From the COD Faculty Association President by Glenn Hansen

Welcome to the first edition of our faculty newsletter for the 2007-08 academic year. Thank you to the Communications Committee for publishing this newsletter. I hope everyone's year Image of Glenn Hansen has started well and that any problems have been resolved. (If not, I hope you are finding the support you need to resolve the issues. If it is a contract-related issue, don't hesitate to talk to a Welfare committee member.)

October will be a busy month. We have elections for Vice President and Secretary as well as Senators from many divisions. This is an opportunity to become involved and set the direction for CODFA. The election will be held Oct. 24. The Senate will set the date of the forum at this week's meeting; I hope you will be able to attend.

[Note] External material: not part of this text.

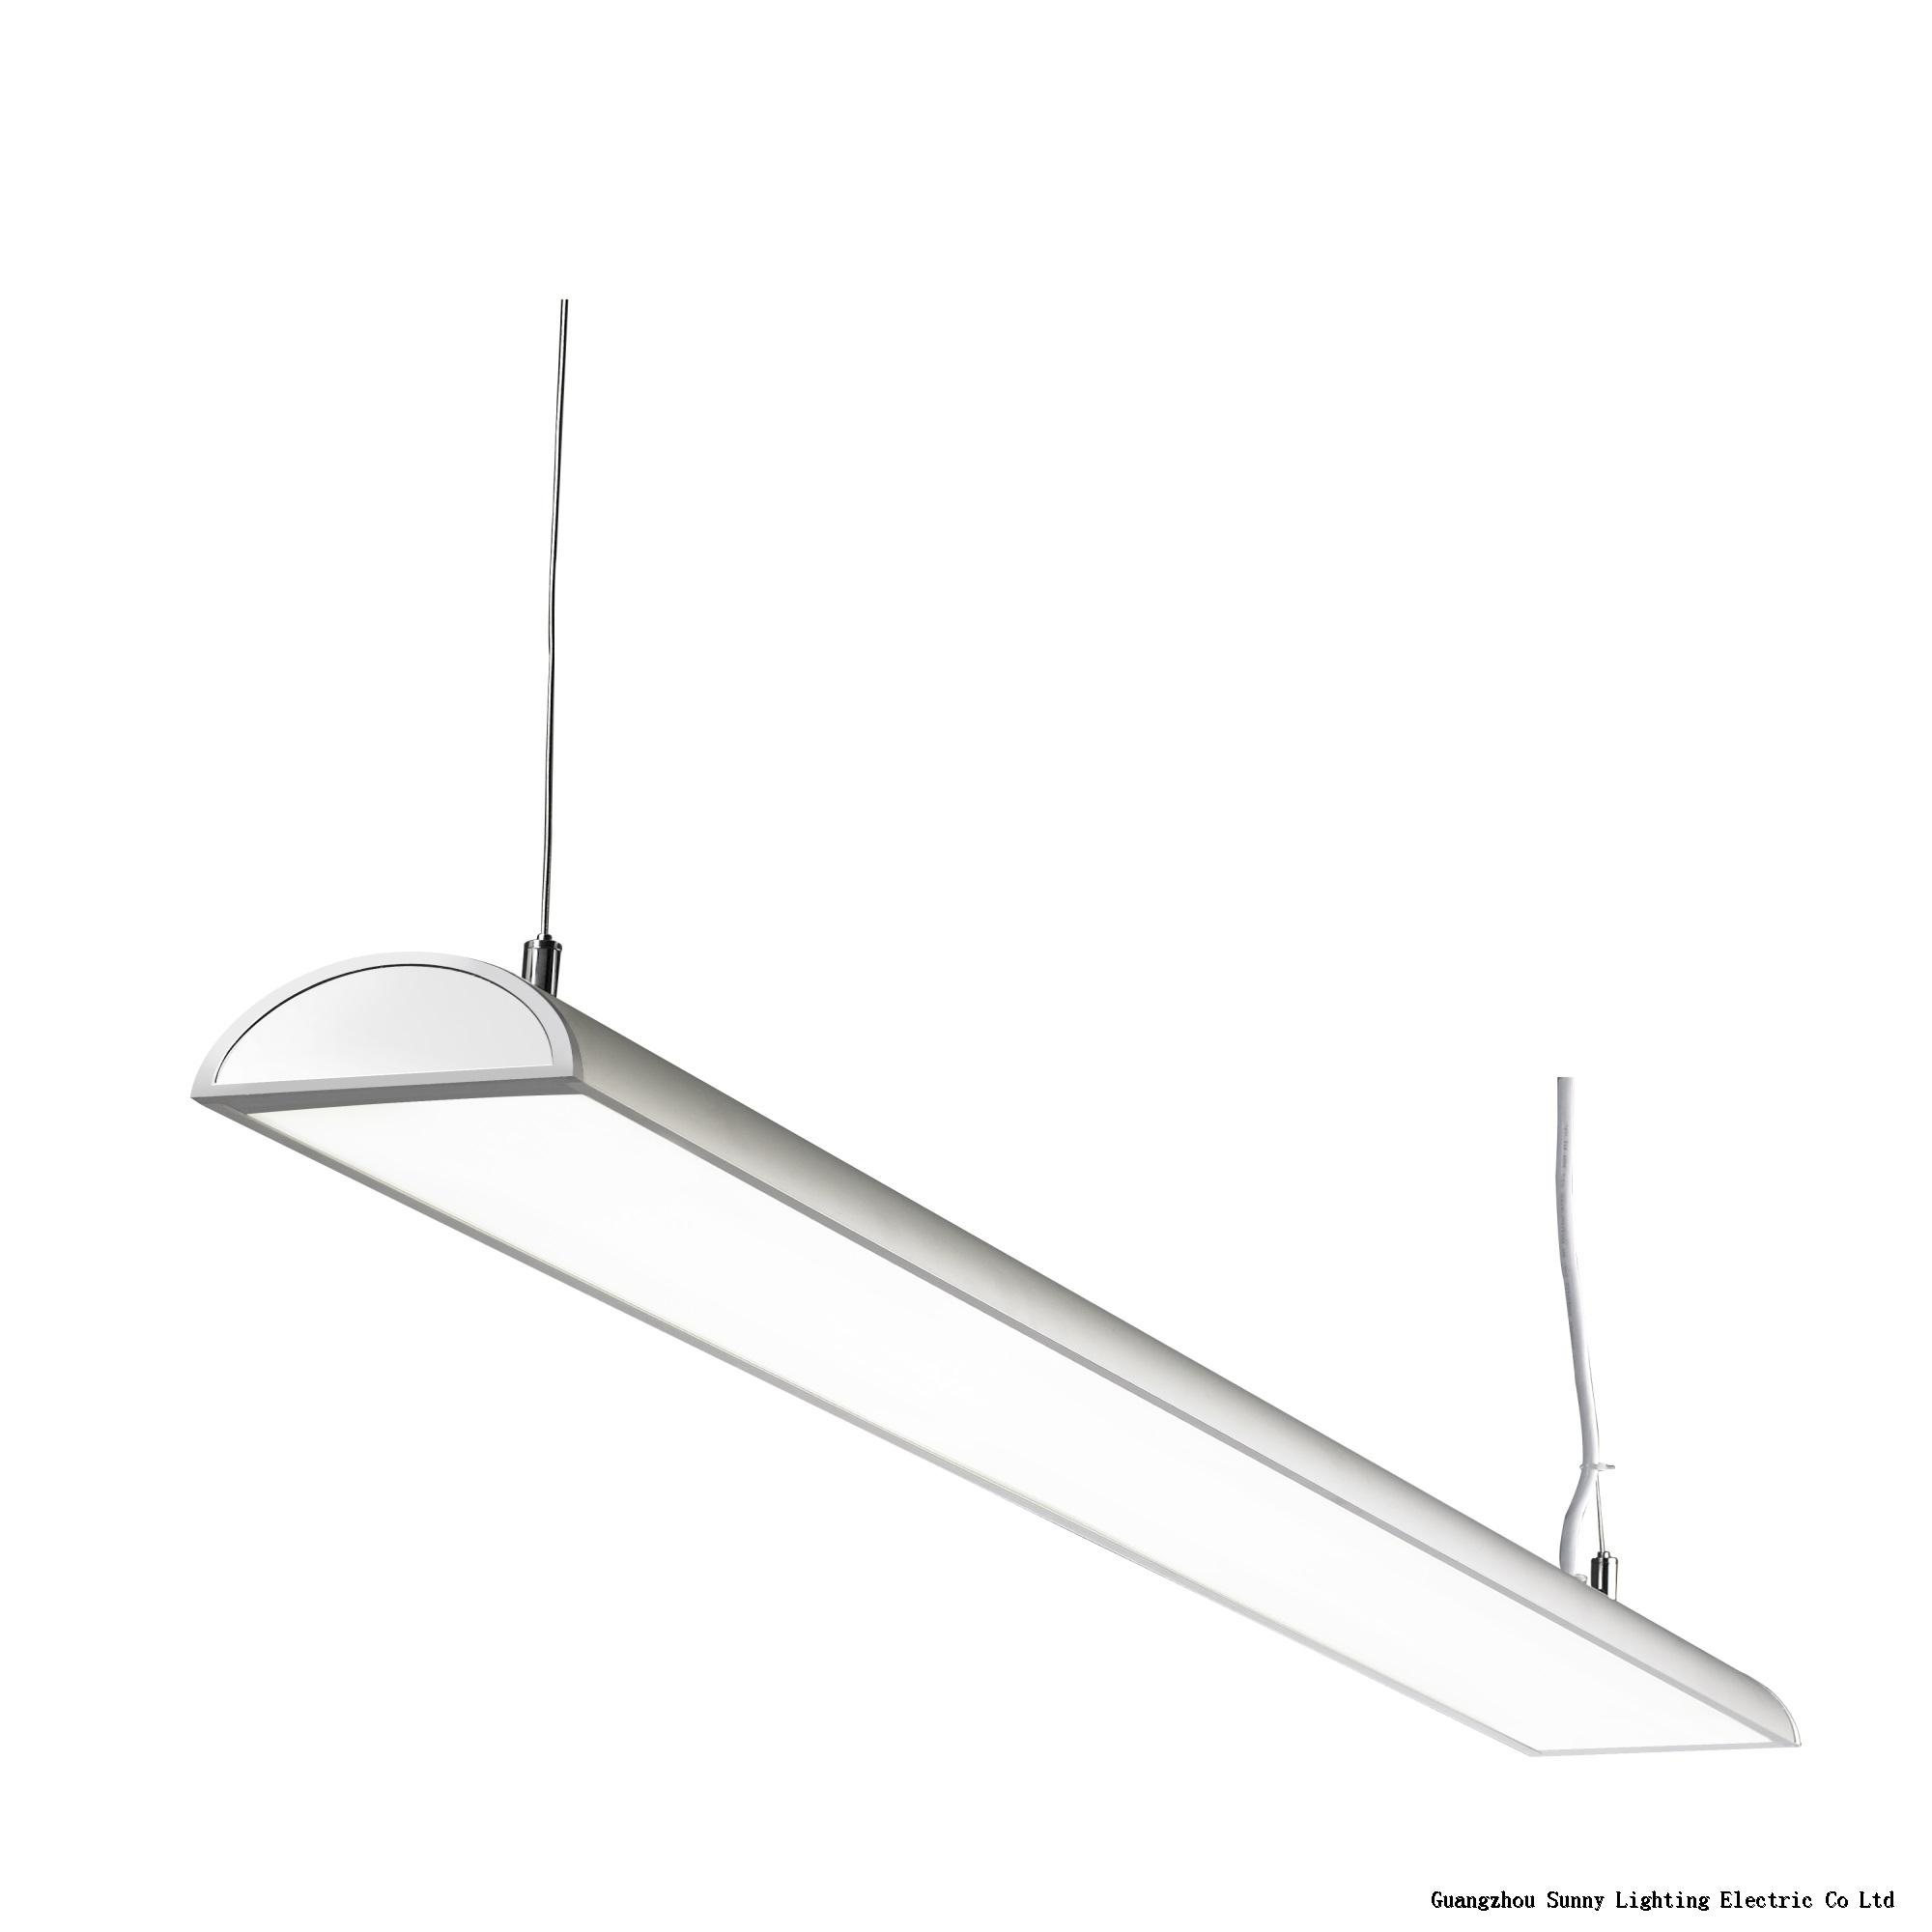 LED Arc Downward Light

At the October 18th Senate meeting, President Chand will be meeting with the Senate. We have a meeting with the President and Cabinet each term; this time we will be discussing the Institutional Priorities, faculty input during the planning process at COD, and other questions as time permits. Aside from this meeting, Nancy Stanko and I will continue our monthly meetings with the President, the biweekly meetings with VP Picard, and the Quality Improvement/Leadership Council meetings on the alternate weeks. While topics vary, this month we will certainly be talking about the hiring of replacement faculty. The statements made at the In-service Day are different than what we believed was the timeline for replacements. I will share that information when we have clarification.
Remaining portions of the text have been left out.